▸ Dataset excerpts
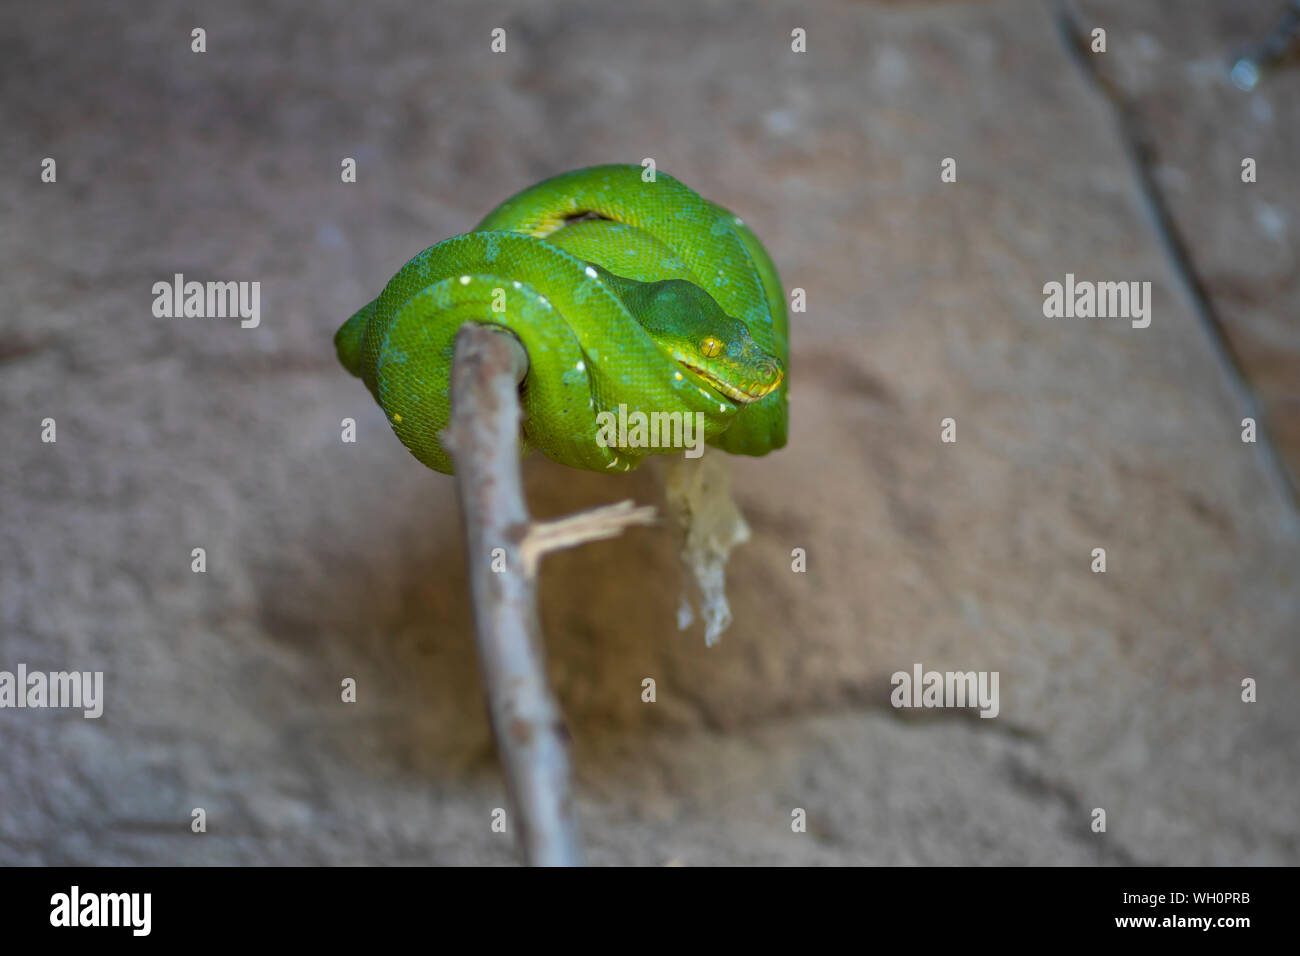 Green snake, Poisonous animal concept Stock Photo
...
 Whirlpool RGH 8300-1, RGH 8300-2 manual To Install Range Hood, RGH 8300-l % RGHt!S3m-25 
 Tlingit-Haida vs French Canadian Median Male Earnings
...
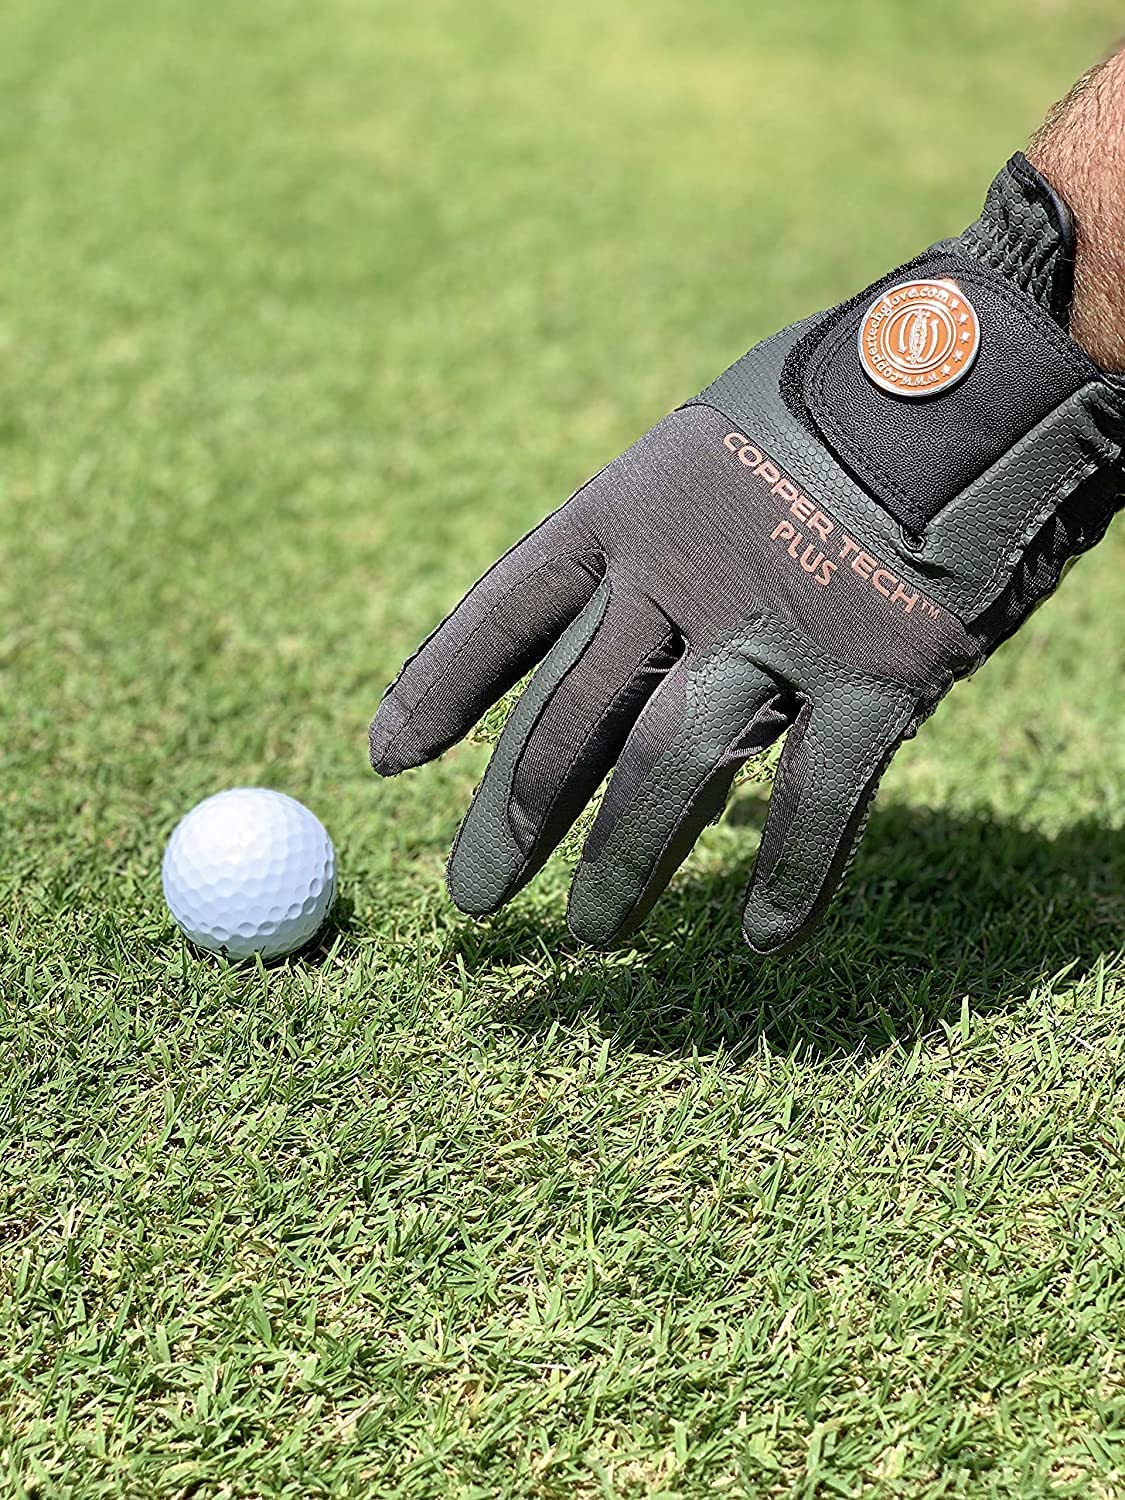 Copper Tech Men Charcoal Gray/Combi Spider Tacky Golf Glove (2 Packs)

▸ Action item
Within the listing above, extract exactly the lines from the line with "Whirlpool RGH 8300-1, RGH" to the line with "Tlingit-Haida vs French", the two named lines included, and no others.

▸ Response area
 Whirlpool RGH 8300-1, RGH 8300-2 manual To Install Range Hood, RGH 8300-l % RGHt!S3m-25 
 Tlingit-Haida vs French Canadian Median Male Earnings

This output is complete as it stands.